SKLearn uses the Classification and Regression Tree (CART) algorithm to train Decision Trees. Given $n$ training examples, each with $p$ features $x_1, \cdots,x_i,\cdots, x_n \in \mathbb R^p$ and their associated class labels $y_1, \cdots, y_j, \cdots, y_n$ where each label is one of $K$ classes i.e. $y_i \in \{1,\cdots, K\}$, the following steps are taken generally:

1. Split the prediction space into $J$ distinct and non-overlapping regions, $R_1, \cdots, R_m, \cdots, R_J$. 
2. For a new observation that falls into $R_m \in \{1,\cdots, J\}$, the predicted class is the most commonly occuring class in the region (or the proportion of each class in the region).

For the Iris example, we have obtained 3 regions, from left $R_1, R_2, R_3$. The response in each of the nodes is $R_1=\text{setosa}$, $R_2=\text{versicolor}$, $R_3=\text{virginica}$ respectively. So for a new observation $x^*$, if $x^* \in R_1$ then its class prediction is the Setosa.

To construct the regions $R_m$, we find regions that maximise class purity. Two ways to measure class purity are Gini impurity or Entropy. 

Given a region $R_m$ with $n_{R_m}$observations from each class $k$, Gini impurity / Gini Index is calculated as:
$$G_{R_m,\text{Gini}} = 1-\sum_{k=1}^{K}p_{R_m,k}^2$$
where $p_{R_m,k}$ is the ratio of class $k$ instances among all the training instances in the region $R_m$. It can be also shown that the expression is the same as $\sum_{k=1}^{K}p_{R_m,k}(1 - p_{R_m,k})$. If all the $p_{R_m,k}$ are close to zero or one, then the Gini index takes on a small value. This means a small value indicates that a node consists predominantly observations from a single class. 

In the tree context, the region $R_m$ can also mean the node $m$. 

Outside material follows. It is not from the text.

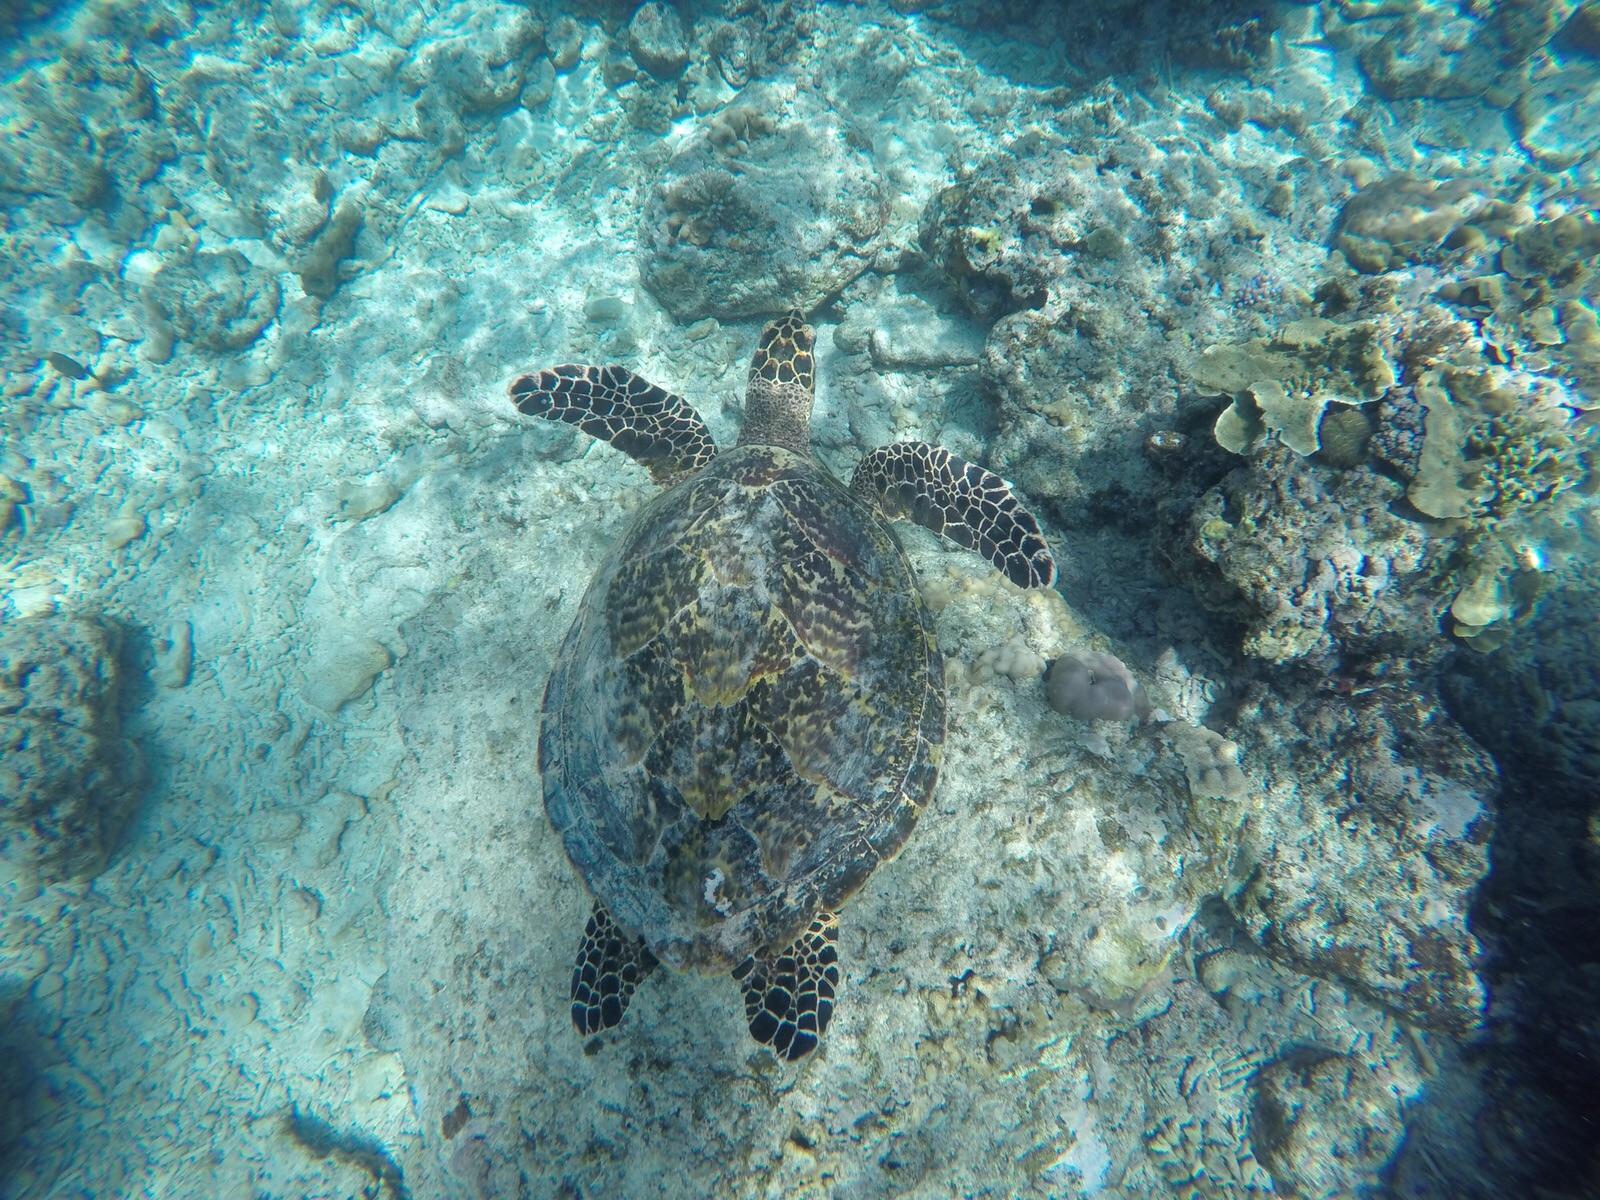 Tartaruga immersione
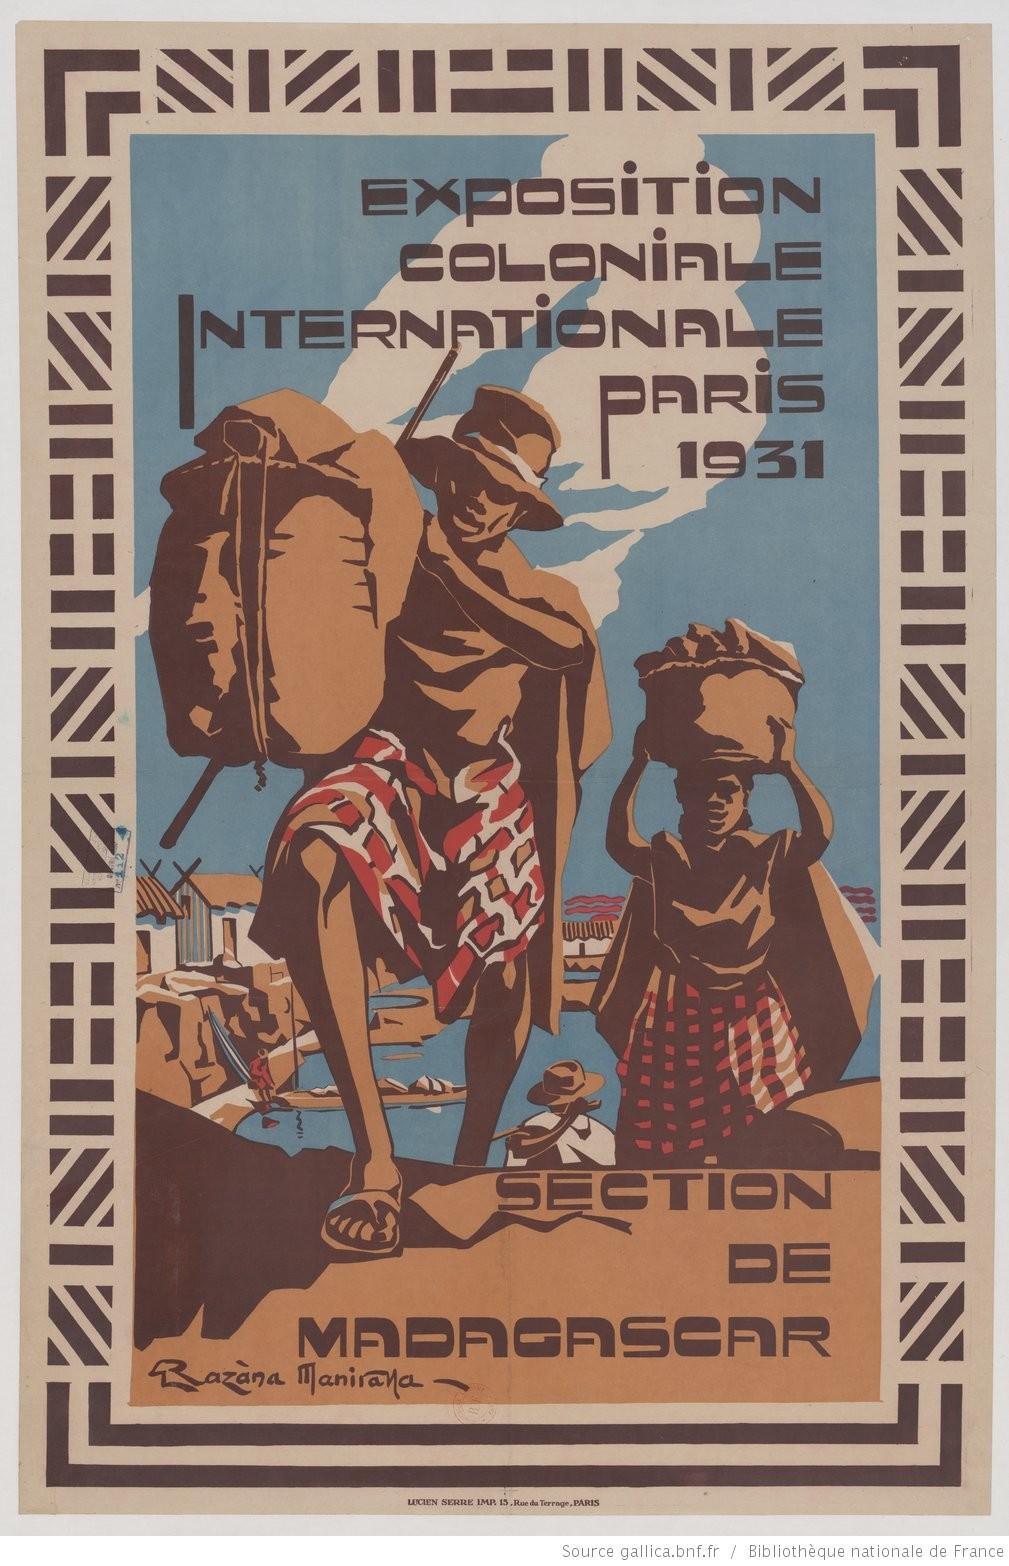 https://www.retronews.fr/sites/default/files/styles/rn_large/public/file_covers/exposition_coloniale_internationale_paris_1931_._btv1b530745767.jpeg?itok=9VSmfeoW

For a pure node with $[50,0,0]$ members from each class, the Gini score is $1-\begin{pmatrix}\frac{0}{50}\end{pmatrix}^2-\begin{pmatrix}\frac{0}{50}\end{pmatrix}^2-\begin{pmatrix}\frac{50}{50}\end{pmatrix}^2= 0$ 

For a node of $54$ with $[0,49,5]$ members from each class, the Gini score is $1-\begin{pmatrix}\frac{0}
{54}\end{pmatrix}^2-\begin{pmatrix}\frac{49}{54}\end{pmatrix}^2-\begin{pmatrix}\frac{5}{54}\end{pmatrix}^2= 0.168$ 



Alternatively, Entropy or cross-entropy is calculated as:
$$G_{R_m,\text{Entropy}} = -\sum_{k=1, p_{i,k}\neq 0}^K p_{R_m,k}\log p_{R_m,k}$$

The bottom term of the summation $p_{i,k}\neq 0$ means to omit all classes $k$ in the node $i$ with no instances. This is to remove all terms that result in the expression $\log 0$. The cross entropy is near zero if all the $p_{R_m,k}$ are close to zero or one - hence, similar to the Gini index, the cross entropy score will take a small value if the node is pure.

For a pure node with $[50,0,0]$ members from each class, the Entropy calculation is $-\frac{50}{50} \log\begin{pmatrix}\frac{50}{50}\end{pmatrix}^2= 0$ 

For a node of $54$ with $[0,49,5]$ members from each class, the Gini score is $-\begin{pmatrix}\frac{49}{54}\end{pmatrix}\log\begin{pmatrix}\frac{49}{54}\end{pmatrix}-\begin{pmatrix}\frac{5}{54}\end{pmatrix}\log\begin{pmatrix}\frac{5}{54}\end{pmatrix}= 0.308$ 



First, split the training set using a feature $k$ and a threshold $t_k$. Find this feature-threshold pair $(k,t_k)$ that produces the purest subsets. The cost function to minimise is:

$$J(k,t_k) = \frac{m_{\text{left}}}{m}G_\text{left} + \frac{m_{\text{right}}}{m}G_\text{right}$$

where $G_{\text{left or right}}$ is the impurity of the left or right subset and $m_{\text{left or right}}$ is the number of instances in the left or right subset. $G$ can be either Gini or Entropy.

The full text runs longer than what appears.